Gluten-Free Stovetop Macaroni and Cheese
In honor of Rustichella d'Abruzzo's NEW Organic Gluten-Free Corn Macaroni, we created the creamiest, dreamiest Gluten-Free Stovetop Macaroni and Cheese ever. When developing this recipe, we tested through all different kinds of starches and gluten-free flours, from potato and tapioca starch to rice flour. Our goal: create a silky, luscious cheese sauce that doesn't rely on an all-purpose flour-based roux.
What did we discover? The best gluten-free cheese sauce is one without any starches or alternative flours at all! We took a page out of our Bakery Director, Linda Jones', book and used cream cheese to stabilize the sauce (this is her trick for a quick, cheesy dip to pair with vegetables). A combination of cheddar and gruyère cheeses lend sharpness and nuttiness, creating a sumptuous sauce that coats each and every noodle for maximum stovetop macaroni and cheese enjoyment.

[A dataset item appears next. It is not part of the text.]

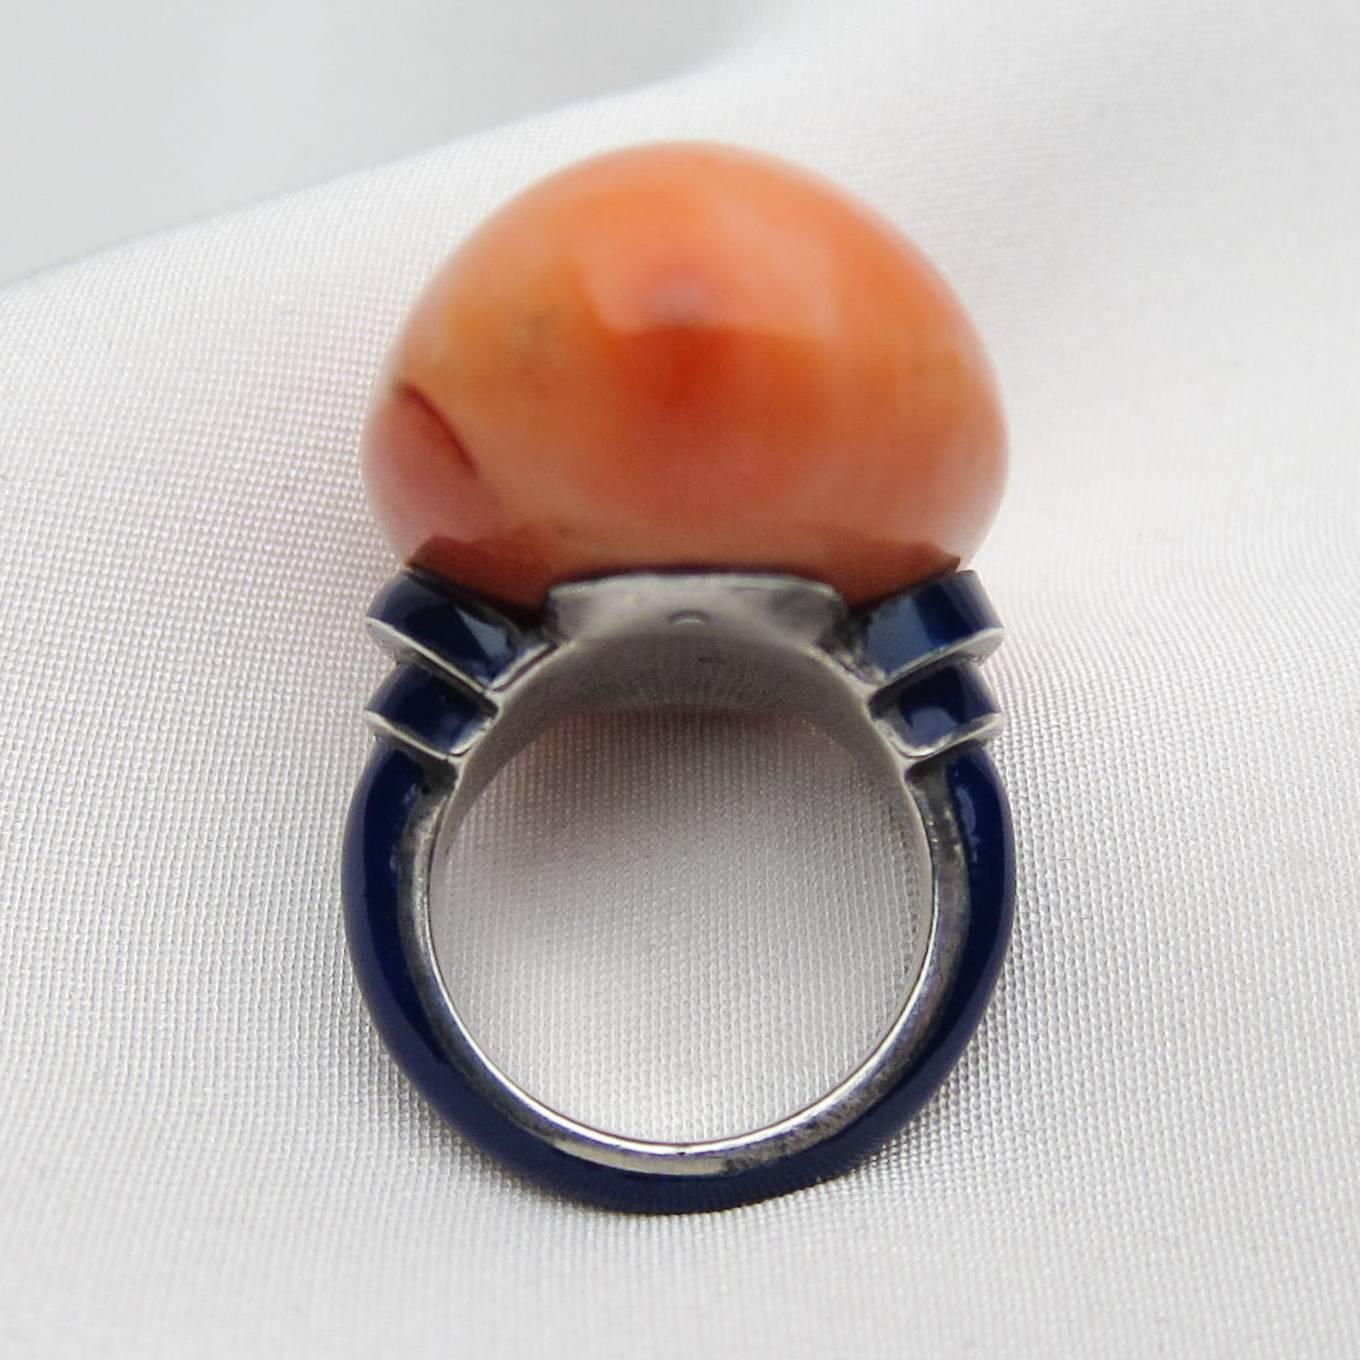 Art Nouveau 85 Carat Orange Coral Cabochon and Blue Enamel Cocktail Ring In Excellent Condition For Sale In Seattle, WA

Recipe, food styling and photography by Asha Loupy
- Prep Time: 15 minutes
- Cook Time: 15 minutes
- Total Time: 30 minutes
- One 8.8-ounce package Organic Gluten-Free Corn Macaroni from Rustichella d'Abruzzo
- 2 tablespoons unsalted butter, divided
- One small garlic clove, minced
- 1/2 teaspoon ground mustard powder
- 1 1/4 cups whole milk
- 4 ounces cream cheese
- 6 ounces sharp cheddar cheese, grated
- 2 ounces Antique Gruyère cheese, grated
- Pinch of Piment d'Espelette, plus more for finishing (optional)
- Sea salt and freshly ground Black Tellicherry Peppercorns, to taste
Bring a large pot of abundabtly salted water to a boil over high heat. Add the corn macaroni and cook until al dente, according to the directions on the box.
While the pasta is cooking, melt one tablespoon of the butter in a large skillet (big enough to hold the cooked pasta) over medium heat. Add the minced garlic and ground mustard powder and sauté for 30 seconds. Add the milk and bring to a gentle simmer. Reduce the heat to low and add the cream cheese, whisking until smooth. Add the cheddar and gruyère and continue whisking until the sauce is silky and smooth. Add the Piment d'Espelette, if using, and season with salt and pepper to taste. Keep the sauce warm on low heat.
Drain the corn macaroni and transfer the cooked pasta to the skillet with the cheese sauce. Stir to coat the pasta in the sauce. Don't worry if it looks like there is a little too much sauce, the pasta will absorb some of the sauce as it sits. Spoon into individual bowls and top with an extra sprinkle of Piment d'Espelette, if desired.